= A Dialogue Between Joseph Smith and the Devil =

Short story

"A Dialogue between Joseph Smith and the Devil" (or "Joe Smith and the Devil") is an 1844 short story by Parley P. Pratt, generally credited as the first work of Mormon fiction. A piece of closet drama or, more precisely, a dialogue, "Dialogue" begins with the devil putting up handbills:

All the liars, swindlers, thieves, robbers, incendiaries, murderers, cheats, adulterers, harlots, blackguards, gamblers, bogus makers, idlers, busy bodies, pickpockets, vagabonds, filthy persons, and all other infidels and rebellious, disorderly persons, for a crusade against Joe Smith and the Mormons! Be quick, be quick, I say or our cause will be ruined and our kingdom overthrown by the d----d fool of an imposter and his associates, for even now all earth and hell is in a stew.
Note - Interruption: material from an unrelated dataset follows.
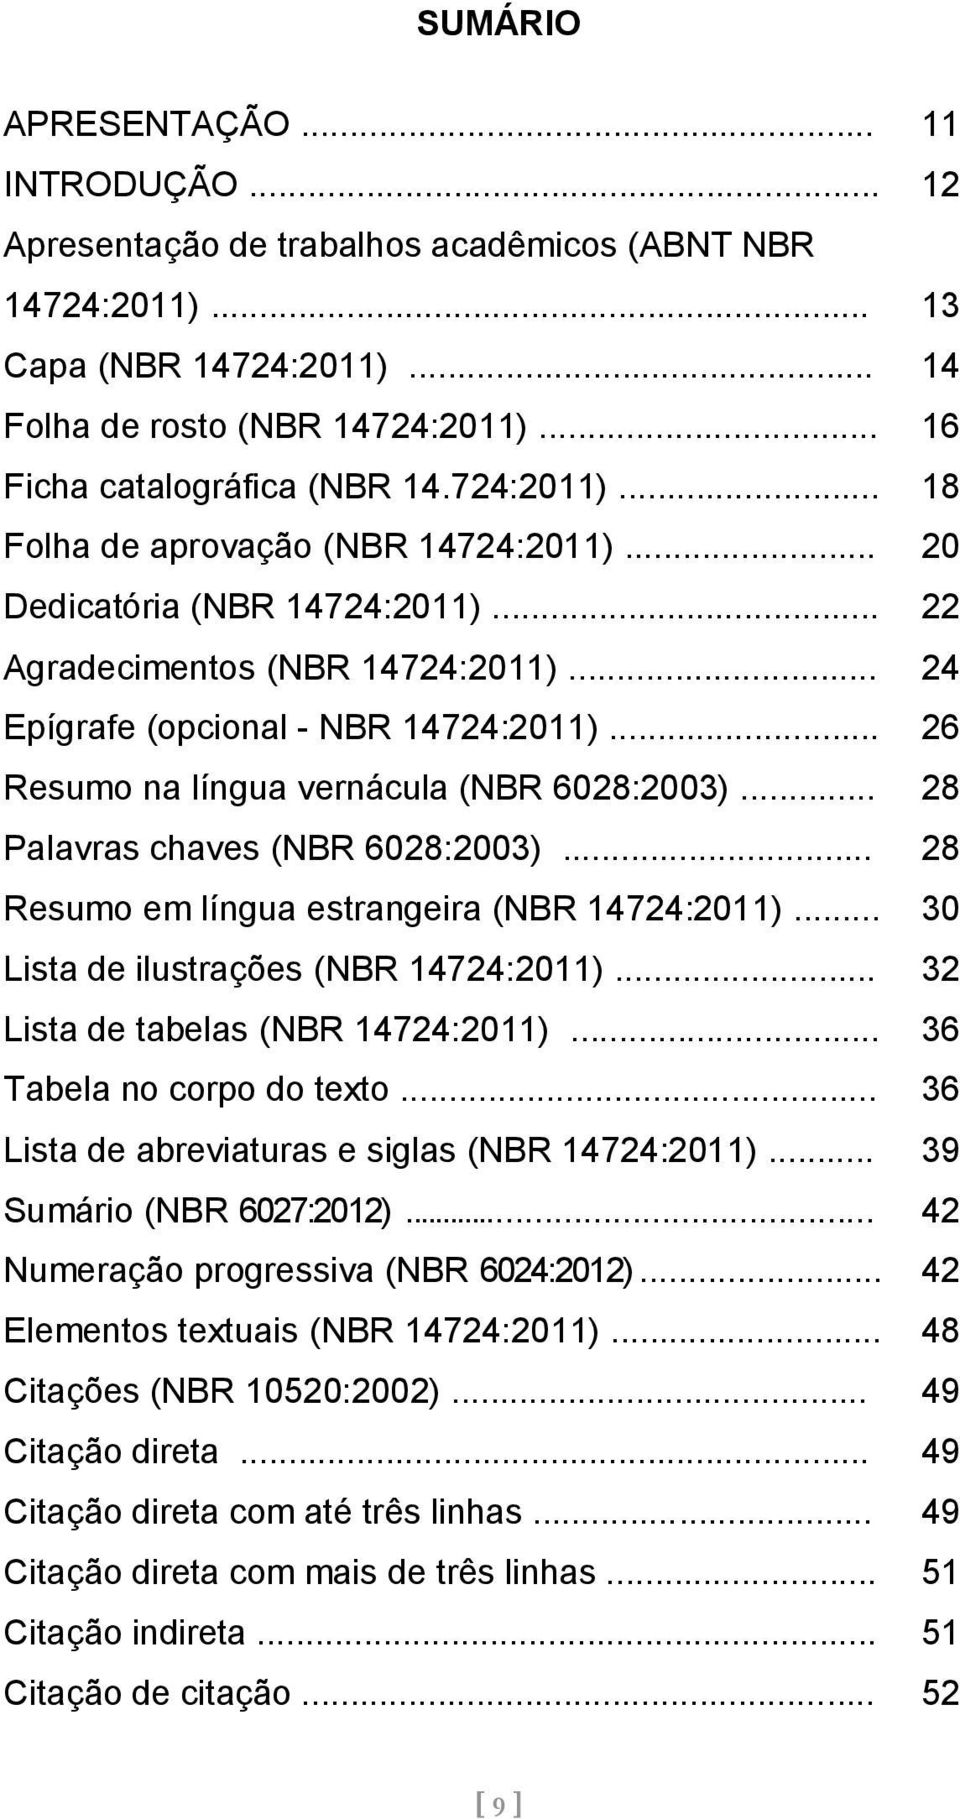 .. 26 Resumo na língua vernácula (NBR 6028:2003)... 28 Palavras chaves (NBR 6028:2003)... 28 Resumo em língua estrangeira (NBR 14724:2011)... 30 Lista de ilustrações (NBR 14724:2011).

They engage in a conversation which manages wit while still engaging in Pratt's proselytory purposes. The two part on friendly terms:

Devil: (Holding up glass) Come, Mr. Smith, your good health. I propose we offer a toast.

Smith: Well proceed.

Devil: Here's to my good friend, Joe Smith, may all sorts of ill-luck befall him, and may he never be suffered to enter my kingdom, either in time or eternity, for he would almost make me forget that I am a devil, and make a gentleman of me, while he gently overthrows my government at the same time that he wins my friendship.

Smith: Here to his Satanic Majesty; may he be driven from the earth and be forced to put to sea in a stone canoe with an iron paddle, and may the canoe sink, and a shark swallow the canoe and its royal freight and an alligator swallow the shark and may the alligator be bound in the northwest corner of hell, the door be locked, key lost, and a blind man hunting for it.

The story first appeared on the front page of the New York Herald, August 25, 1844.

== Notes ==
1.The date is frequently erroneously cited as January 1, 1844, but the August date is correct.